The Toronto Football Club merged with the Toronto Argonauts in 1905, with W. A. Hewitt serving as manager. He also served as vice-president of the ORFU for the 1905 and 1906 seasons, and sought for uniform rules of play with the CRU, with a preference for the snap-back system of play used in Ontario.

==Regular season==

===Final regular season standings===
Note: GP = Games played, W = Wins, L = Losses, T = Ties, PF = Points for, PA = Points against, Pts = Points

Ontario Rugby Football Union
| Team | GP | W | L | T | PF | PA | Pts |
|---|---|---|---|---|---|---|---|
| Hamilton Tigers | 6 | 6 | 0 | 0 | 248 | 23 | 12 |
| Toronto Argonauts | 6 | 4 | 2 | 0 | 67 | 74 | 8 |
| Toronto Victorias | 6 | 2 | 4 | 0 | 11 | 127 | 4 |
| London Kickers | 6 | 0 | 6 | 0 | 6 | 108 | 0 |

Quebec Rugby Football Union
| Team | GP | W | L | T | PF | PA | Pts |
|---|---|---|---|---|---|---|---|
| Ottawa Rough Riders | 6 | 6 | 0 | 0 | 126 | 36 | 12 |
| Montreal Football Club | 6 | 4 | 2 | 0 | 87 | 50 | 8 |
| Montreal Westmounts | 6 | 1 | 5 | 0 | 55 | 98 | 2 |
| St. Patrick's College | 6 | 1 | 5 | 0 | 40 | 124 | 2 |

Intercollegiate Rugby Football Union
| Team | GP | W | L | T | PF | PA | Pts |
|---|---|---|---|---|---|---|---|
| Toronto | 6 | 6 | 0 | 0 | 63 | 43 | 12 |
| McGill | 6 | 2 | 2 | 2 | 91 | 71 | 6 |
| Ottawa | 6 | 1 | 4 | 1 | 68 | 98 | 3 |
| Queen's | 6 | 1 | 4 | 1 | 75 | 105 | 3 |

Bold text means that they had clinched the playoffs.

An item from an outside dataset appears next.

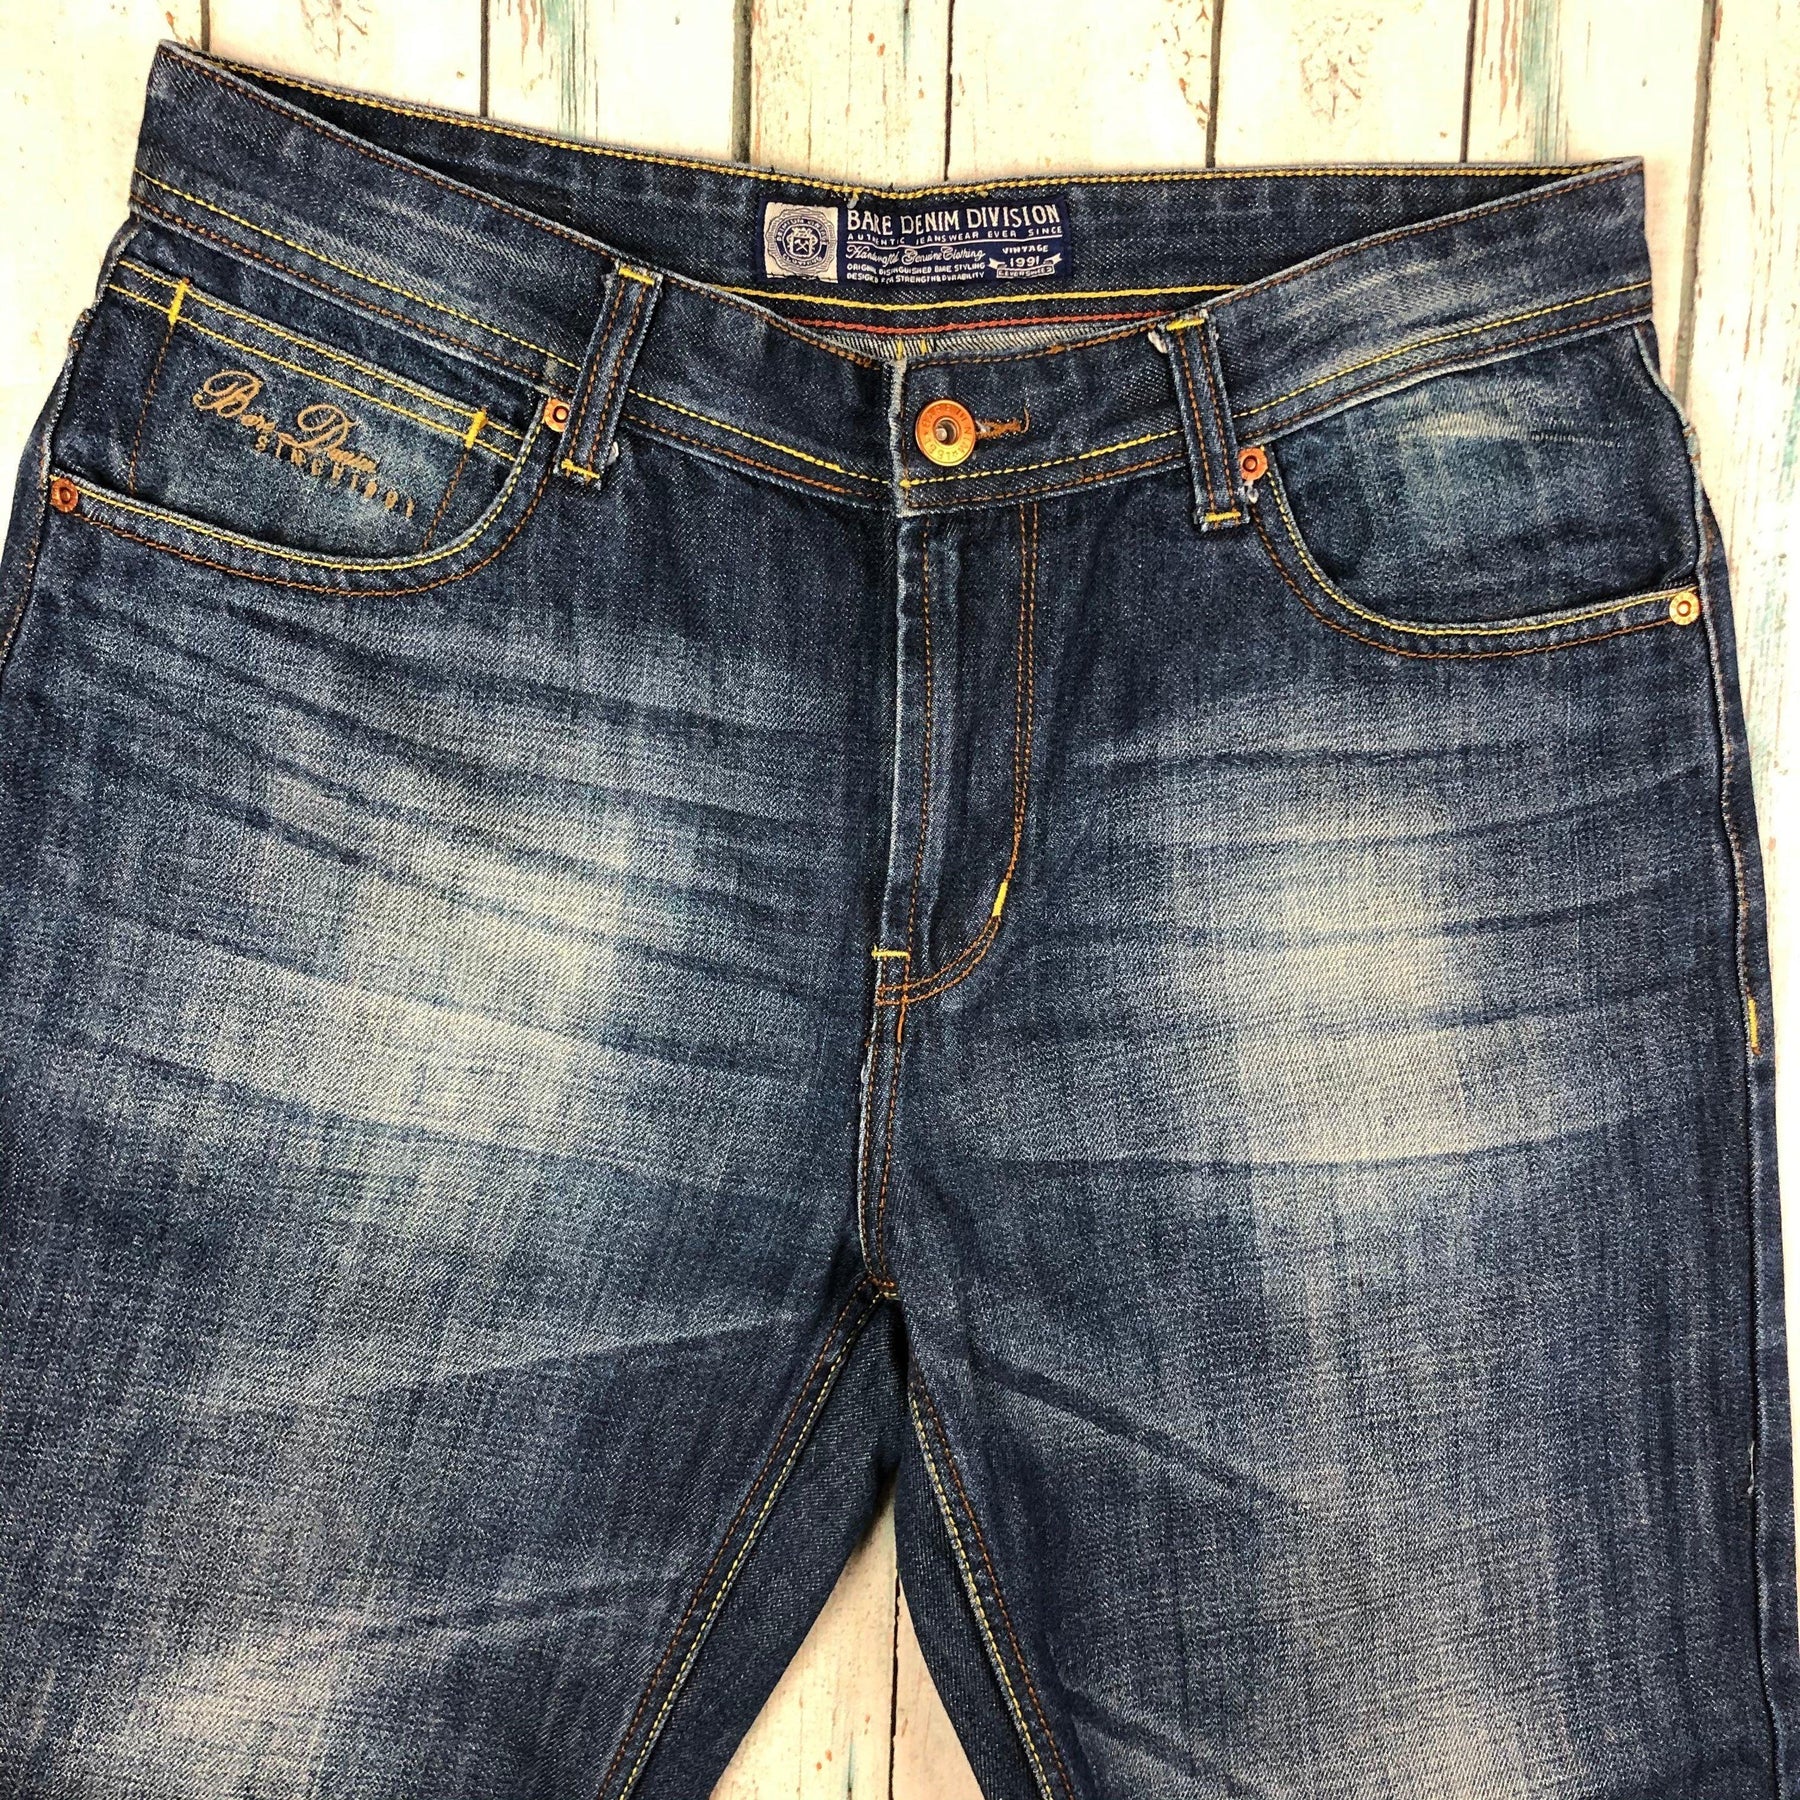 Jeans & Pants | Bare Denim Branded Jeans For Men (A.64) | Freeup

Manitoba Rugby Football Union
| Team | GP | W | L | T | PF | PA | Pts |
|---|---|---|---|---|---|---|---|
| Winnipeg Rowing Club | 3 | 3 | 0 | 0 | 76 | 7 | 6 |
| Winnipeg Rugby Football Club | 3 | 2 | 1 | 0 | 28 | 23 | 4 |
| Winnipeg Shamrocks | 2 | 0 | 2 | 0 | 14 | 41 | 0 |
| St.John's Rugby Football Club | 2 | 0 | 2 | 0 | 3 | 50 | 0 |

==League Champions==
| Football Union | League Champion |
| CIRFU | University of Toronto |
| ORFU | Hamilton Tigers |
| QRFU | Ottawa Rough Riders |
| MRFU | Winnipeg Rowing Club |

==Playoffs==
- The ORFU champion Hamilton Tigers refused to play in Ottawa for the Dominion Semi-Final, so they were banned from the championship final by the CRU.

==Dominion Championship==

November 25 1905 Dominion Championship Game: Rosedale Field - Toronto, Ontario
| Ottawa Rough Riders 9 | Toronto Varsity 11 |
Toronto Varsity were the 1905 Dominion Champions.